Once I had a busy practice in town. I used to feel badly for the delays we’d have in the waiting room. My nurses were always trying to keep the patients patient, if you know what I mean, because I liked to talk with them. Spend time with them. . . . There was a time when I knew the family health history for every one of them. Whose father and mother suffered from heart disease and what kind, the families struggling with diabetes, or cancer. Our office absolutely demanded that each patient fill out a detailed family medical history and I went over the information they provided very carefully. Did preventive diagnostic tests when the history warranted that. Took precautions . . . . I had this pewter Porsche. I always rode with the windows up, the heat or the air on. Vivaldi playing on the CD. Or Brahms. My wife packed these sweet vegetarian sandwiches with organic produce. . . . I drove right down the highway past this plant to get to my office every day for twenty years. I saw it all right, but I was busy with other matters. My patients. . . . My dying patients. . . . Last year I sold the practice.

(Simultaneously, all four stand and rip off their blindfolds. They speak the lines that follow in voices that grow savage by the last repetition)

ALL PERFORMERS

Now I see. Now I see. Now I see. Now I see! Now I see!

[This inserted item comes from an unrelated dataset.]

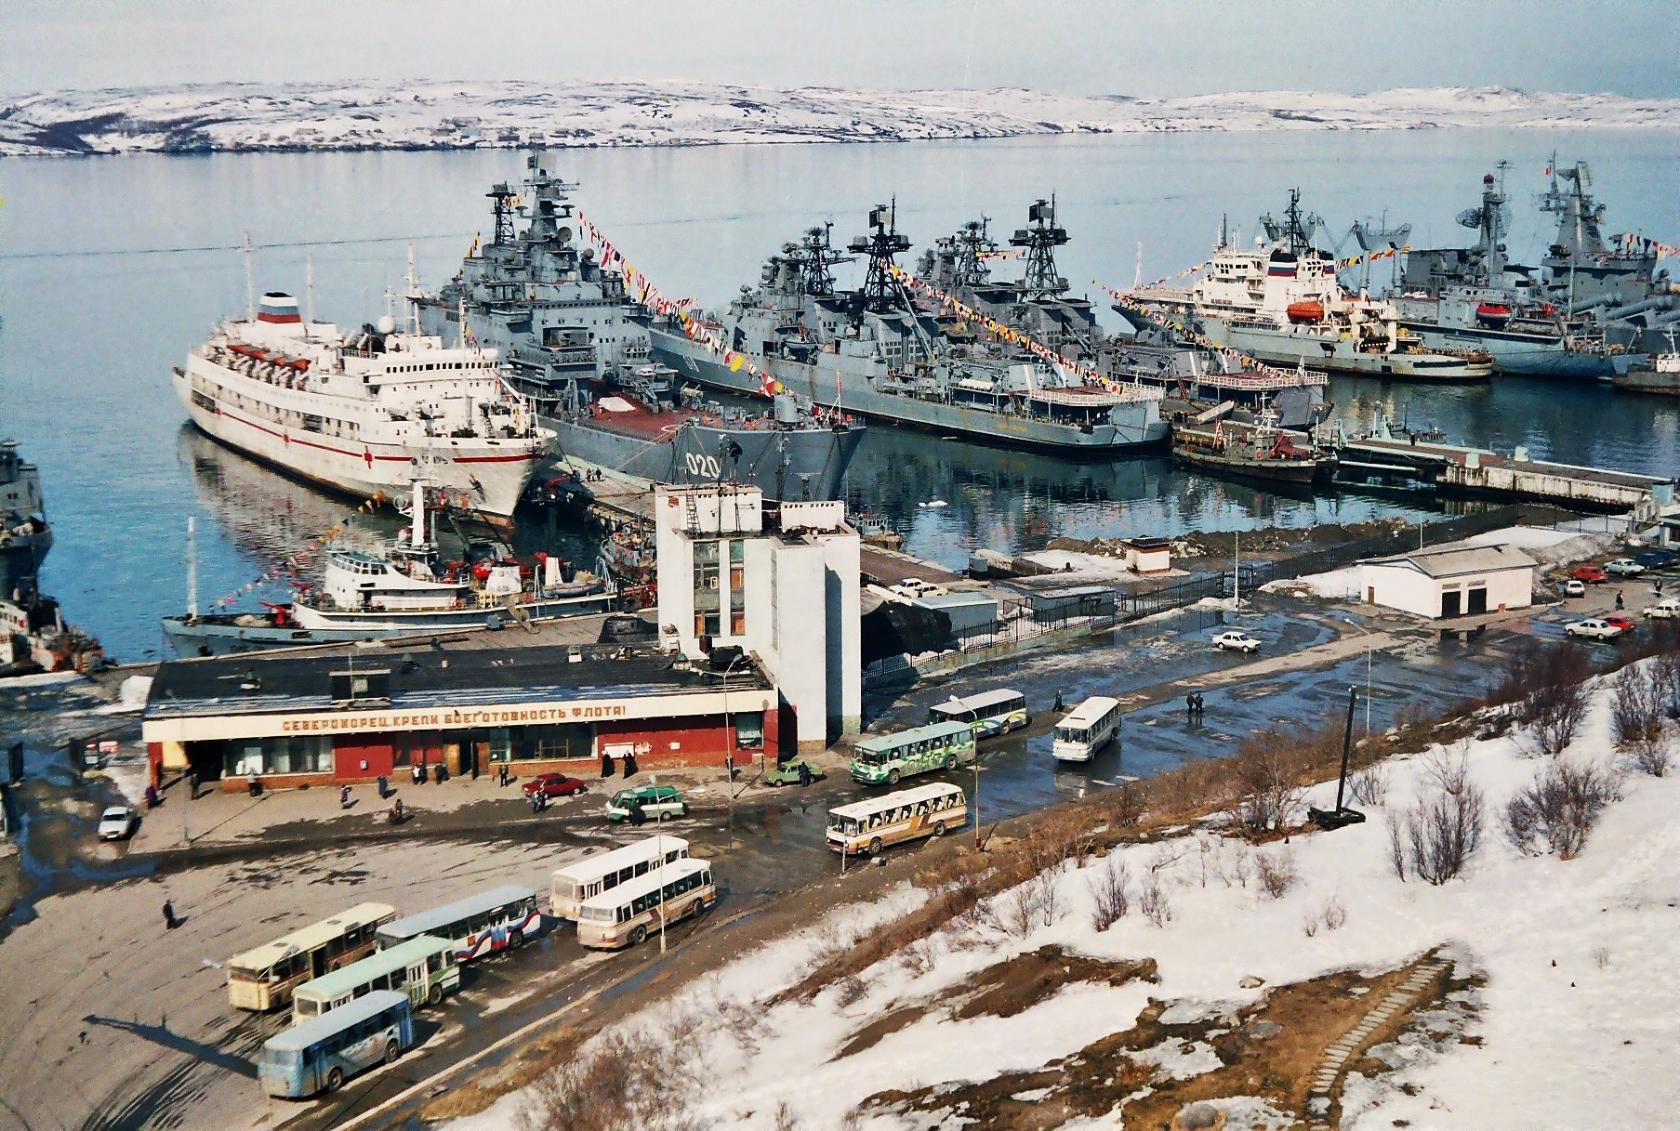 Россия январь 2004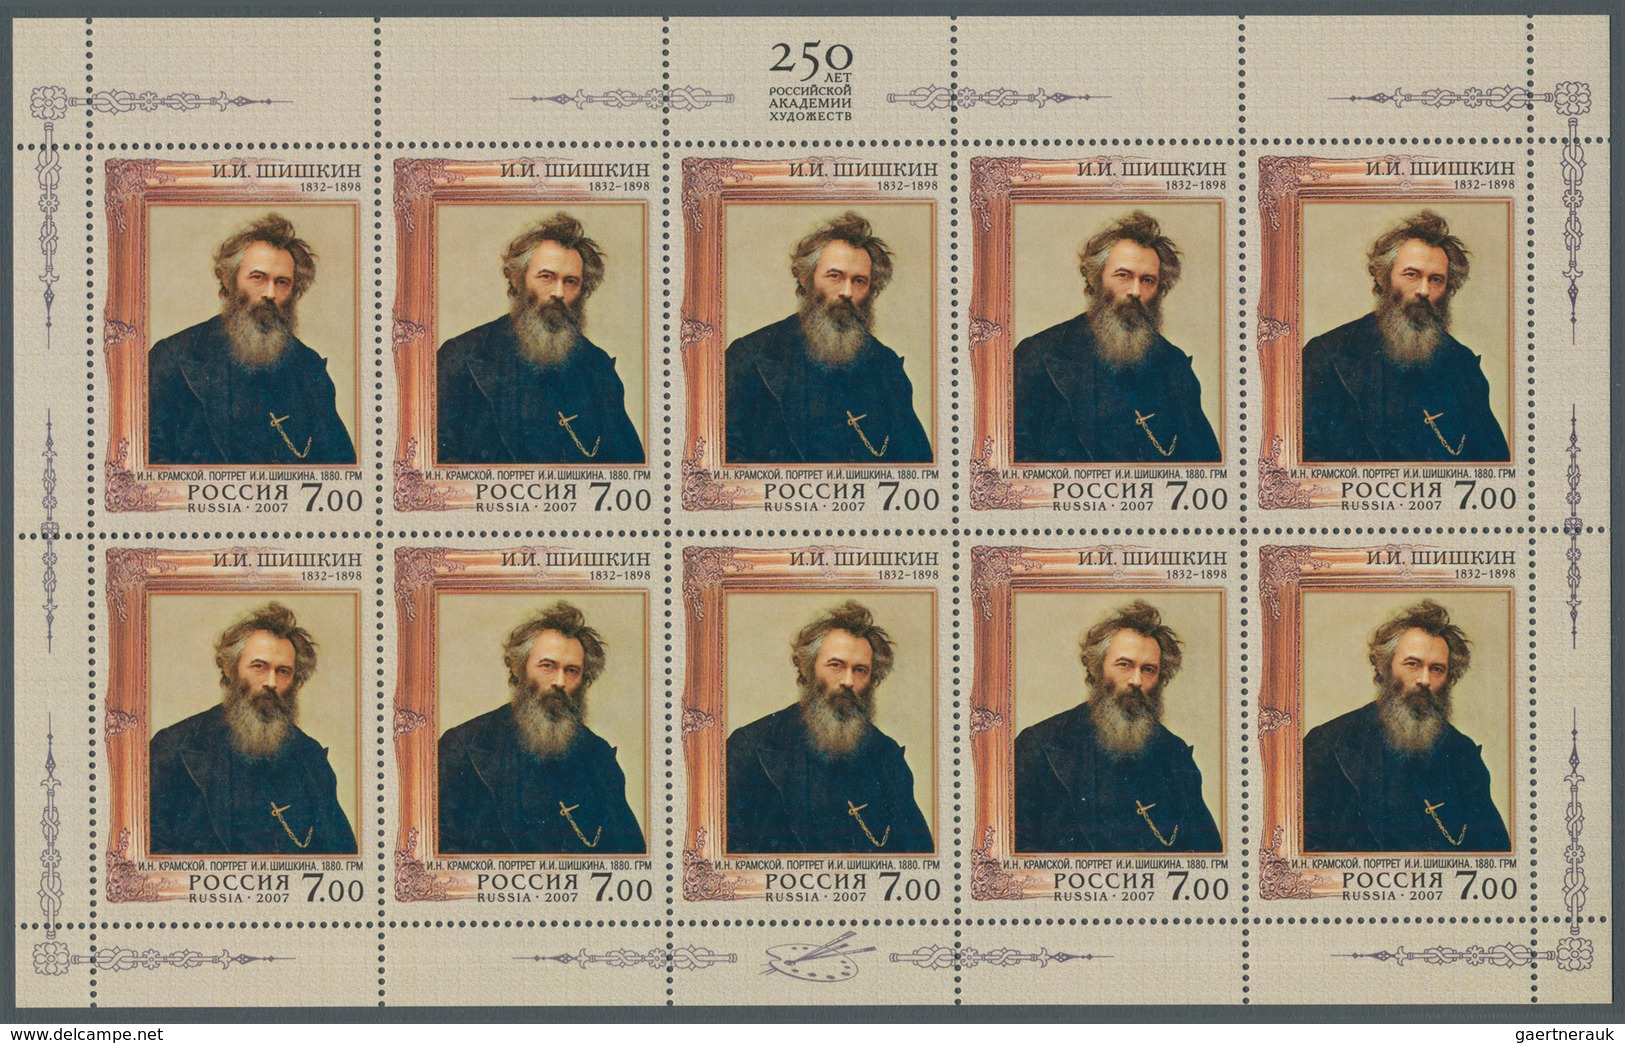 Russland: 2007, 7.00 R Iwan Schischkin Miniature Sheet Of Ten Stamps In K13 1/2 Perforation, Mint Ne - Gebruikt

NOW I SEE! (On the last repetition they wheel around to
 face the poisoned site.)           

SMILING PERFORMER

                                    The air I’m breathing, have been breathing for fifty years, is filling my lungs with poison.

MOURNING PERFORMER

                                    When I shower with city water the poison in it soaks into my pores. I drink in this polluted water every day.

                                    QUIET PERFORMER

People in those buildings back there have raked in the dough because they were allowed by me and my government to poison this place.

PERFORMER WHO CAN STILL TALK LIKE US

                                    The ground underneath my shoes is so contaminated that touching it puts toxins on my skin.
The next five lines overlap and are repeated as the performers eventually convert the words to howls that build and then stop abruptly.


HOWLING MAN

                                    So—o-o-o-o?! What no-o-o-o-w?! Now that I get it, what do I  do-o-o-o-o?!
MOURNING PERFORMER

                                    Where do I go-o-o-o?

                                    I-I-I-I ha-a-a-te this!

PERFORMER WHO CAN STILL TALK LIKE US

                                    Where’s the sense—where’s the sense—where’s the sense!

QUIET PERFORMER

                                    Oh-my-God—oh-my-God—oh-my-God—oh-my-God . . .

Just as suddenly as they appeared, they drop to all fours and scuttle away from the playing space, howling and barking and crying as they run off into the distance.


Performance facilitators invite audience members to voice their responses to what they have done, seen, heard, felt and thought during the performance. The facilitators may ask audience members what should be done with the notes they have made. Some may wish to keep the pieces of paper. Others may wish to burn them. To wear them or to throw them away. The facilitators should make it possible for the audience members to do with the papers what they would like to do. Then, together, facilitators and audience members will leave the performance area.